**DATASET CONTENT**
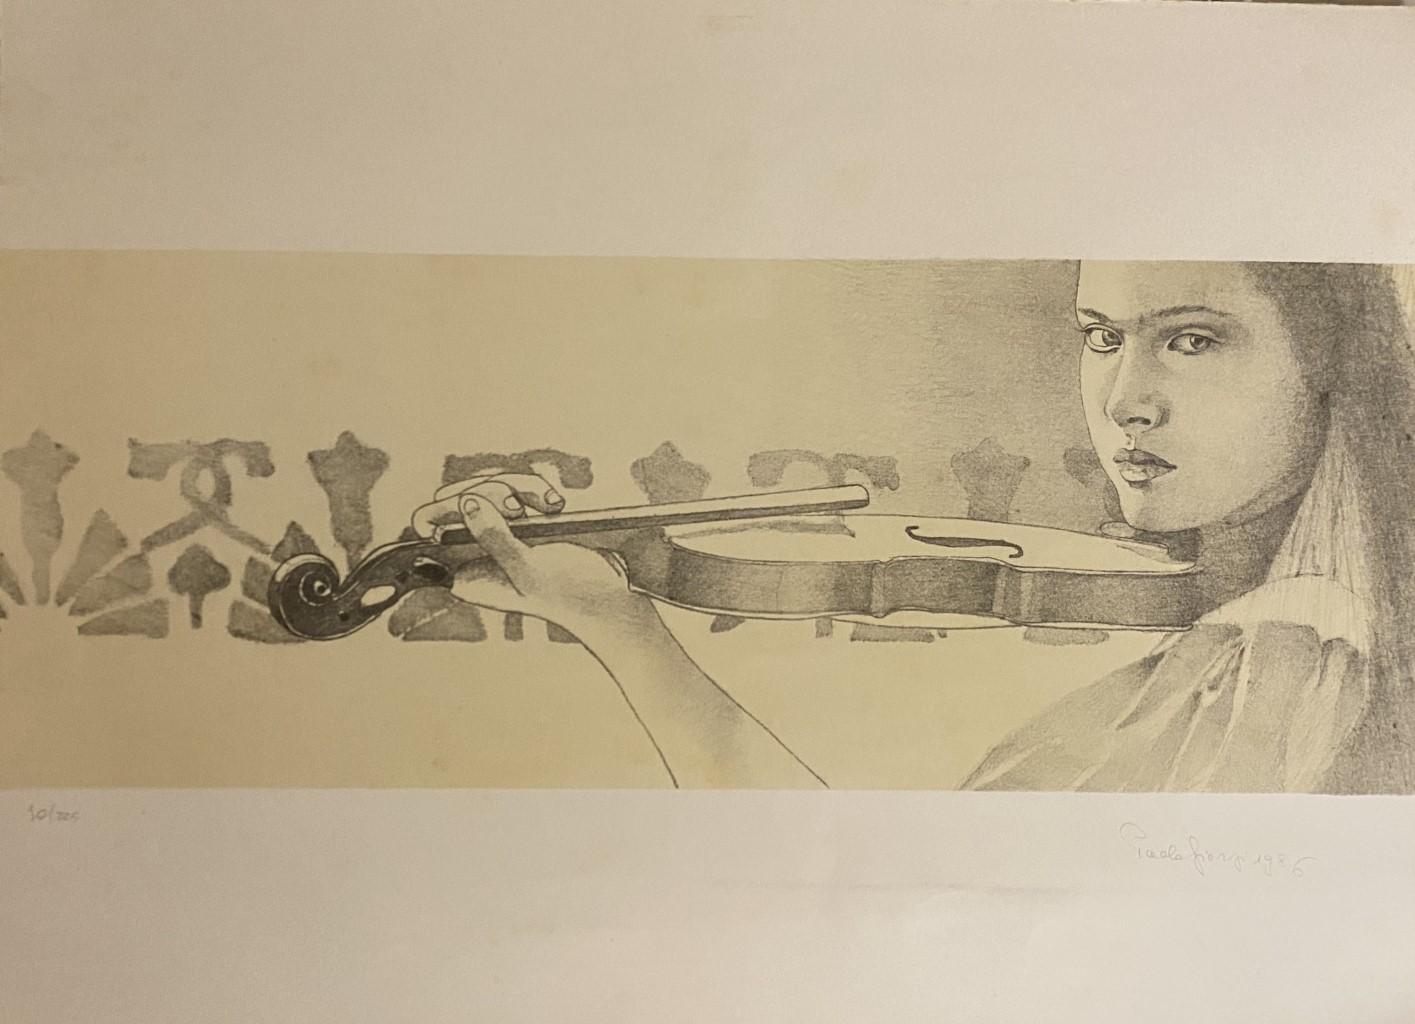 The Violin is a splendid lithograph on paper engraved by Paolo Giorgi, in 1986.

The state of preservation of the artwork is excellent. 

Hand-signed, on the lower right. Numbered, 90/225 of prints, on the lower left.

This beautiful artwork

**DIRECTIONS**
Report every line containing the string "artwork" in the material.

**ANSWER AREA**
The state of preservation of the artwork is excellent. 
This beautiful artwork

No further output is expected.